**YOUR OBJECTIVE**
Word for word, copy the lines from the one with "ULS destaca entre" to the last line of the data below, counting both, and keep every picture out.

**DATASET EXCERPT**

--------------------------------

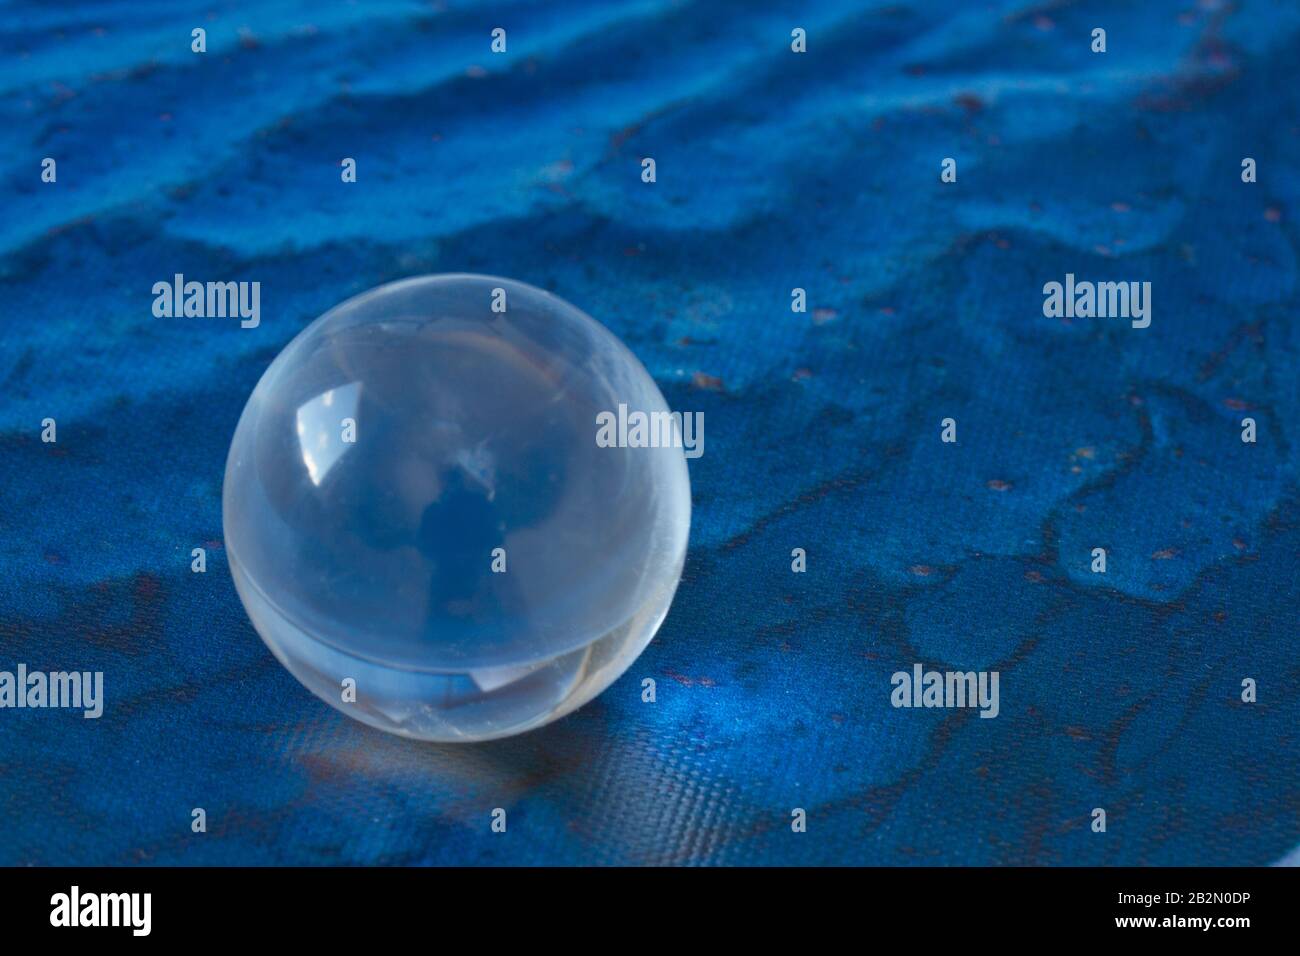 Kristallkugel auf classic blue Hintergrund Stock Photo
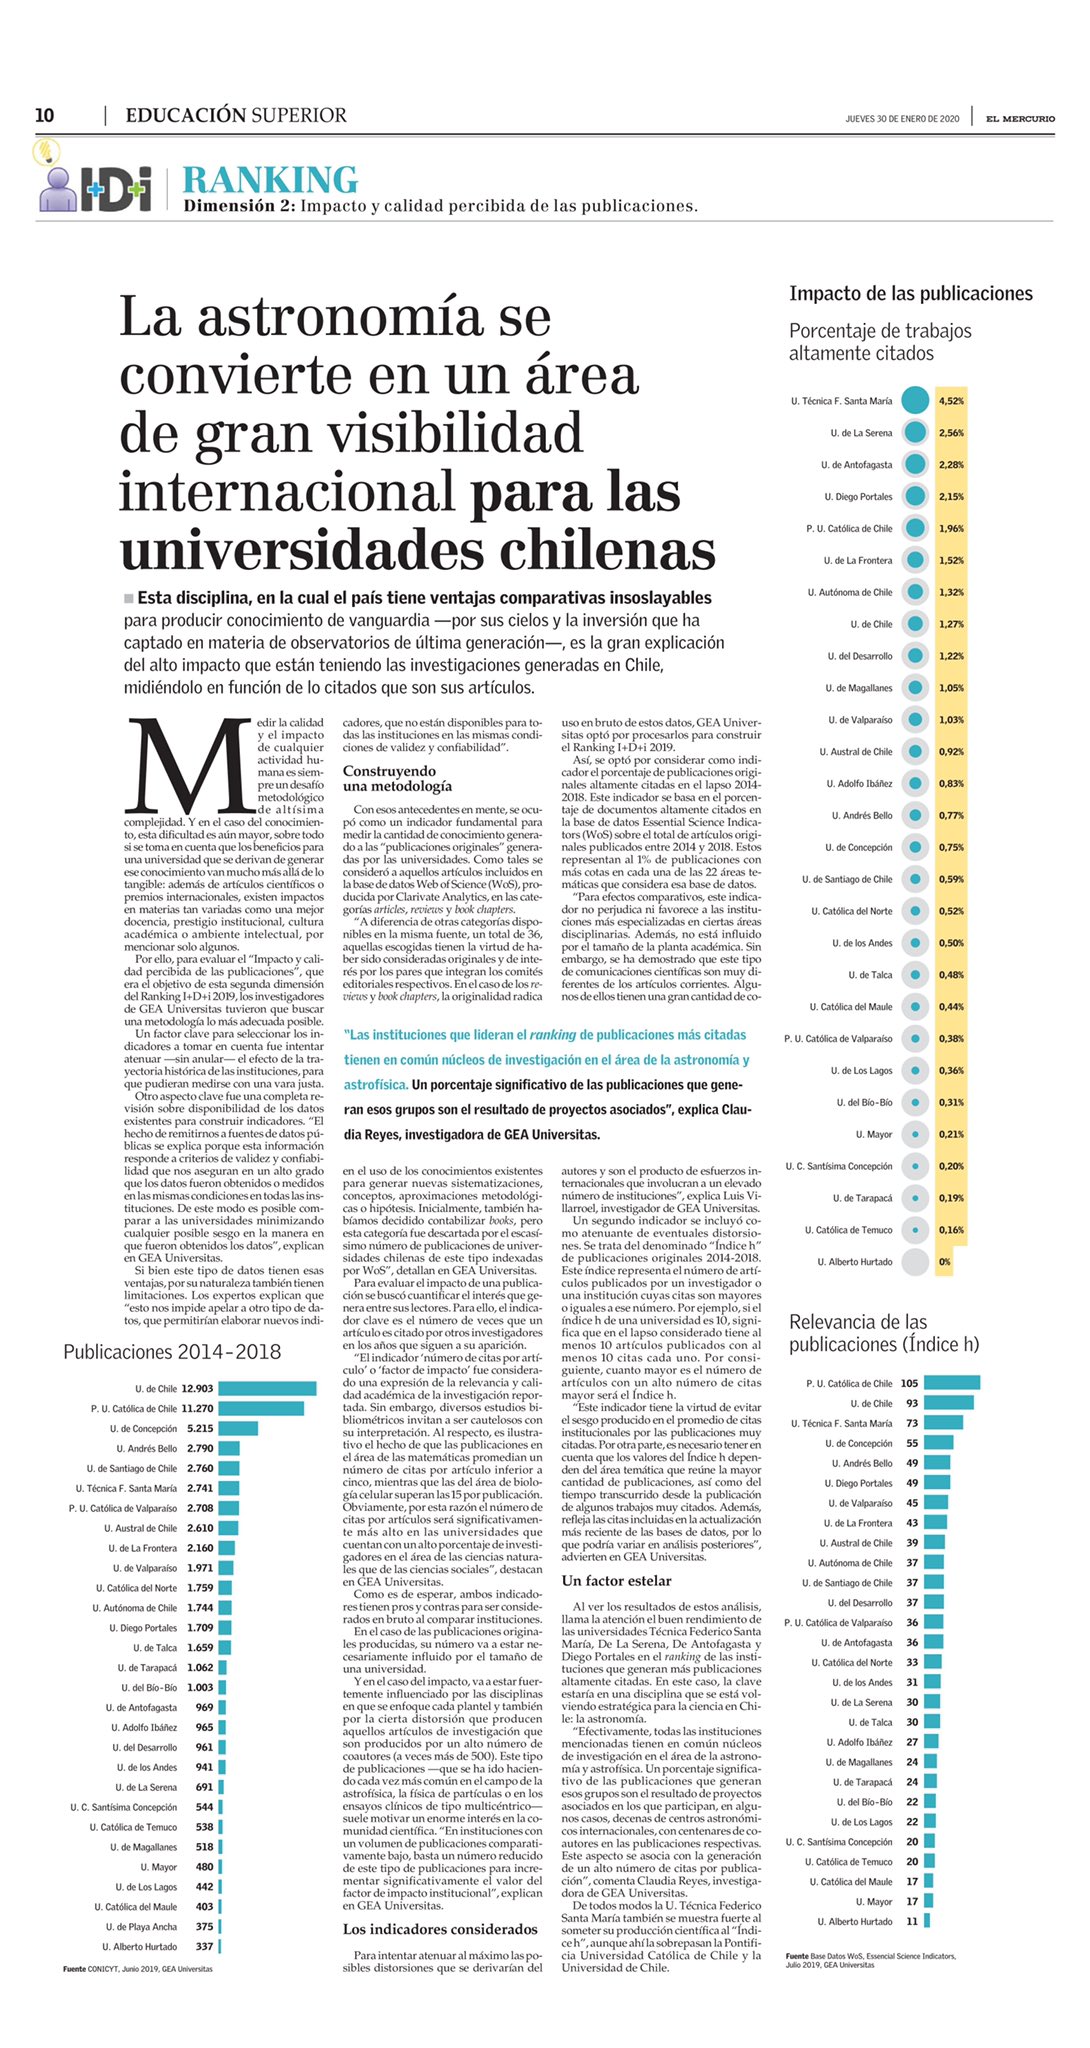 ULS destaca entre las Universidades chilenas con mayor número de publicaciones científicas altamente citadas
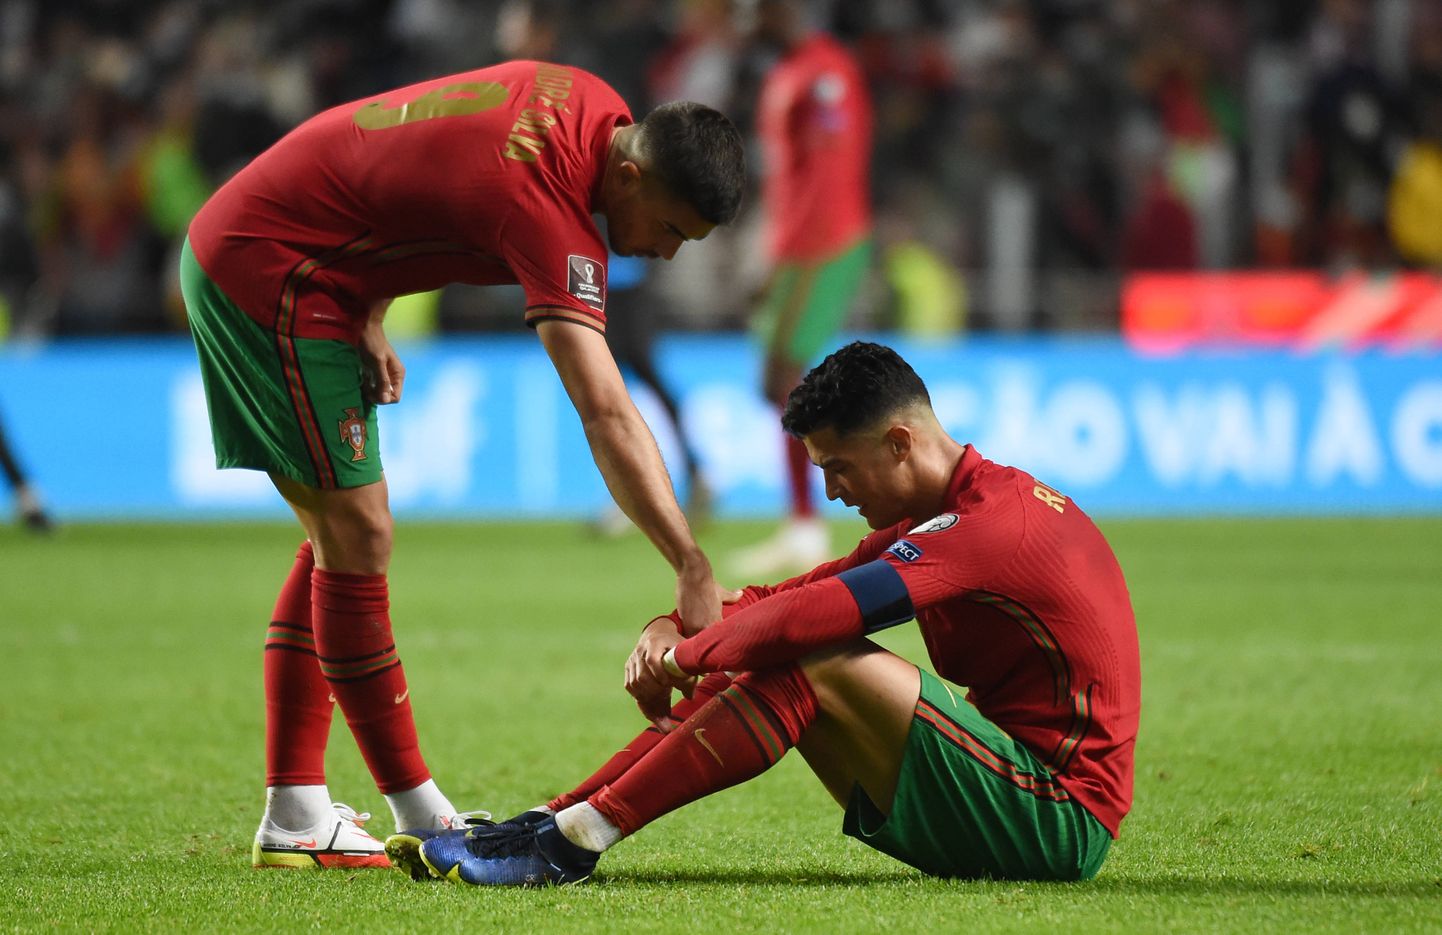 Pettunud Cristiano Ronaldo istub murul pärast Portugali koondise kaotust Serbiale ja MMi otsepiletita jäämist.

--------------------------------

**RESULT OF THE TASK**
 ULS destaca entre las Universidades chilenas con mayor número de publicaciones científicas altamente citadas
 Pettunud Cristiano Ronaldo istub murul pärast Portugali koondise kaotust Serbiale ja MMi otsepiletita jäämist.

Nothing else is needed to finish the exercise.